UN launches aid appeal for Syrian humanitarian needs

World Today

Syrian refugee A Syrian refugee child eats food that her mother collects from rubbish on August 18, 2014, at Eminonu in Istanbul. Photo: AFP/Bulent Kilic

As the civil war in Syria continues, the United Nations is asking for more aid to supply growing needs, both inside and outside the country. The situation is so bad, the U.N. has launched its biggest appeal ever, asking for more than $6 billion. CCTV America’s Alaa Ebrahim reports.

UN launches largest aid appeal ever for humanitarian needs in Syria

As the civil war in Syria continues, the United Nations is asking for more aid to supply growing needs, both inside and outside the country.
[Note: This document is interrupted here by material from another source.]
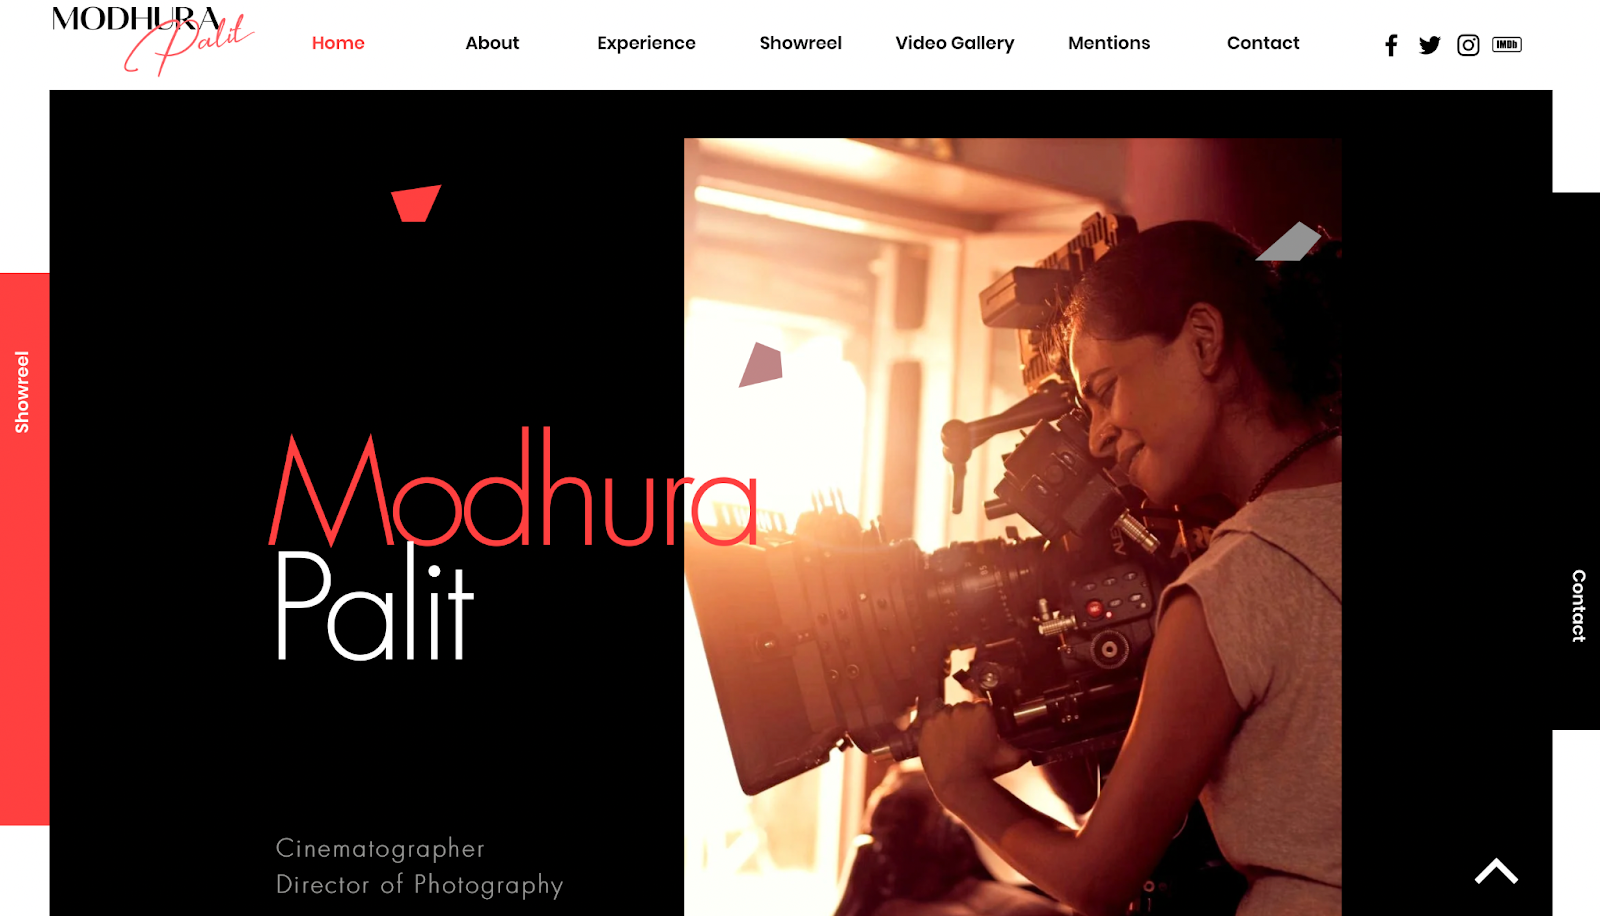 filmmaker website example, Modhura Palit

The situation is so bad, the UN has launched its biggest appeal ever, asking for more than $6 billion. CCTV America's Alaa Ebrahim reports.

Trucks were on their way into the unknown, into the heartland of rebel held areas in Syria.  The trucks were full of aid to supply displaced people in the northern countryside of Edlib, right near the Turkish border.
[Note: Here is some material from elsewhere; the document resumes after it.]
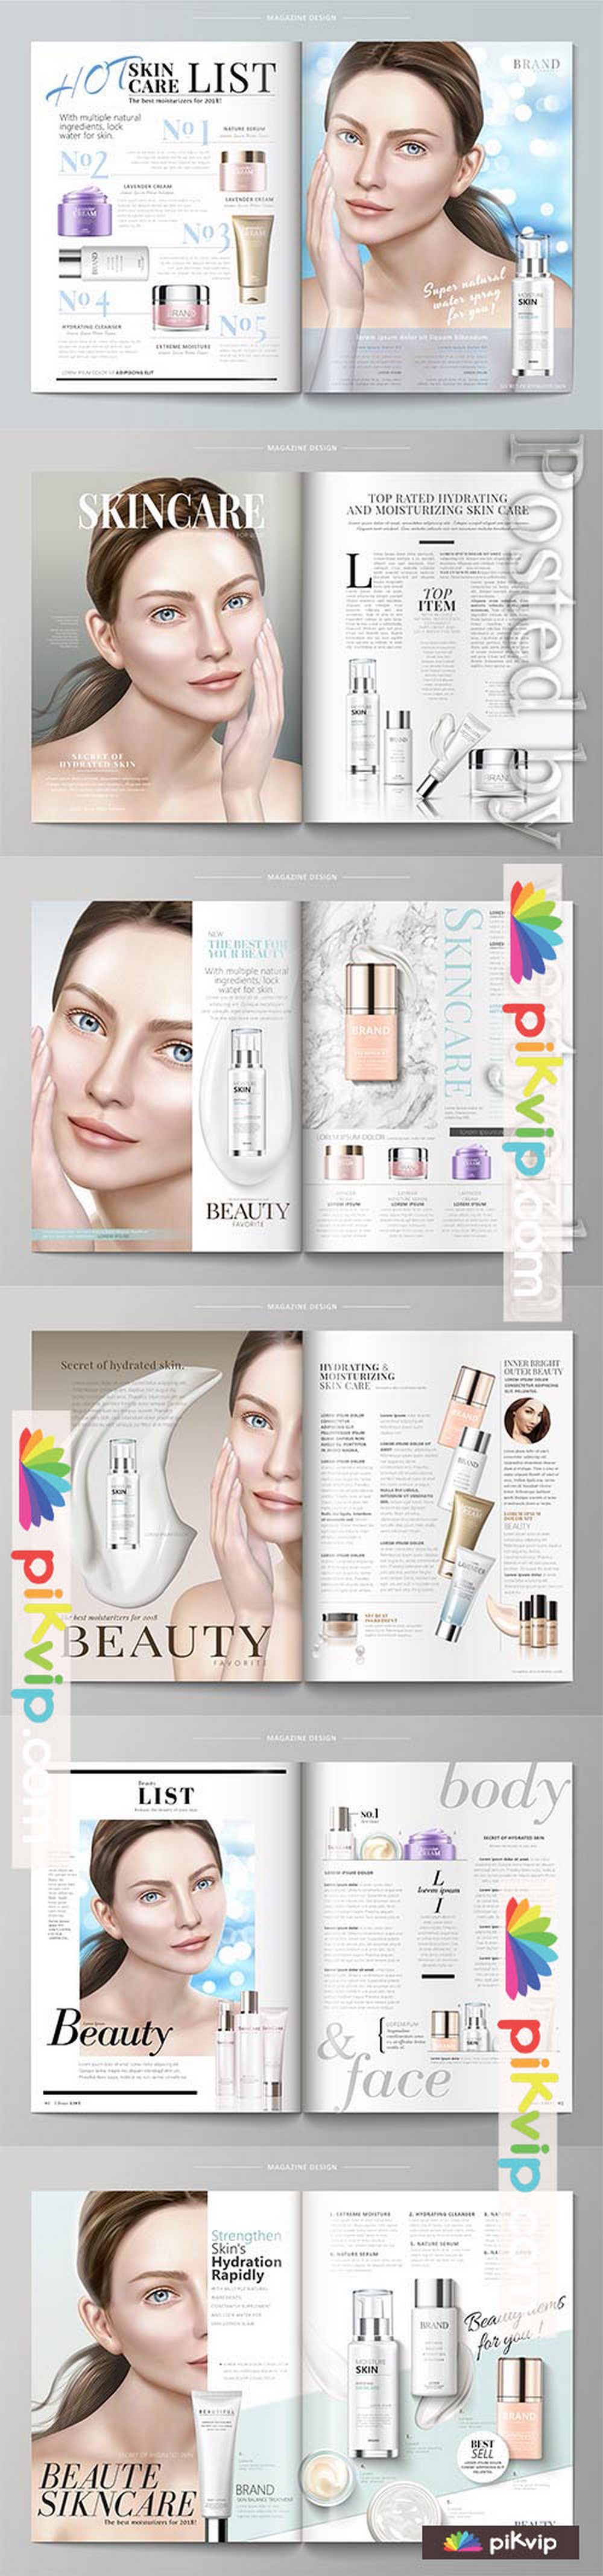 Elegant skin care magazine vector template

The U.N. says 10.8 million Syrians across the country are in need of help, a task that is exhausting the resources of the government and the international community as well.

In Damascus, the aid keeps flowing in. The latest is over 20 million Chinese Yuan, or $3.25 million, to the Syrian Red Crescent : the country’s largest local humanitarian aid organization.

“The aid we receive today will be in the form medical supplies, and we thank the Chinese government for its help. I assure you that the aid will reach every area in Syria, even tense areas or areas under the control of gunmen.” – Abdul Rahman Al-attar, Head of the Syrian Red Crescent

The Chinese ambassador in Damascus signed a memorandum of understanding that stipulates how the new shipment will be distributed.

“The Chinese government is following up on the situation and is trying to help in various ways and this batch will further ease suffering. We call on all parties to commit to Security Council Resolution 2165 regarding the humanitarian situation and we call upon everyone to ensure the delivery of aid.” -Wang Kejin, Chinese Ambassador, Damascus

Delivering aid in Syria has been no easy task. One aid convey in Homs city earlier this year came under a shower of mortars. Other incidents have claimed the lives of more than 30 aid workers across the country.

The new batch of aid is just a fraction of the humanitarian needs in Syria. The war has turned the country into the largest consumer of humanitarian aid in the world.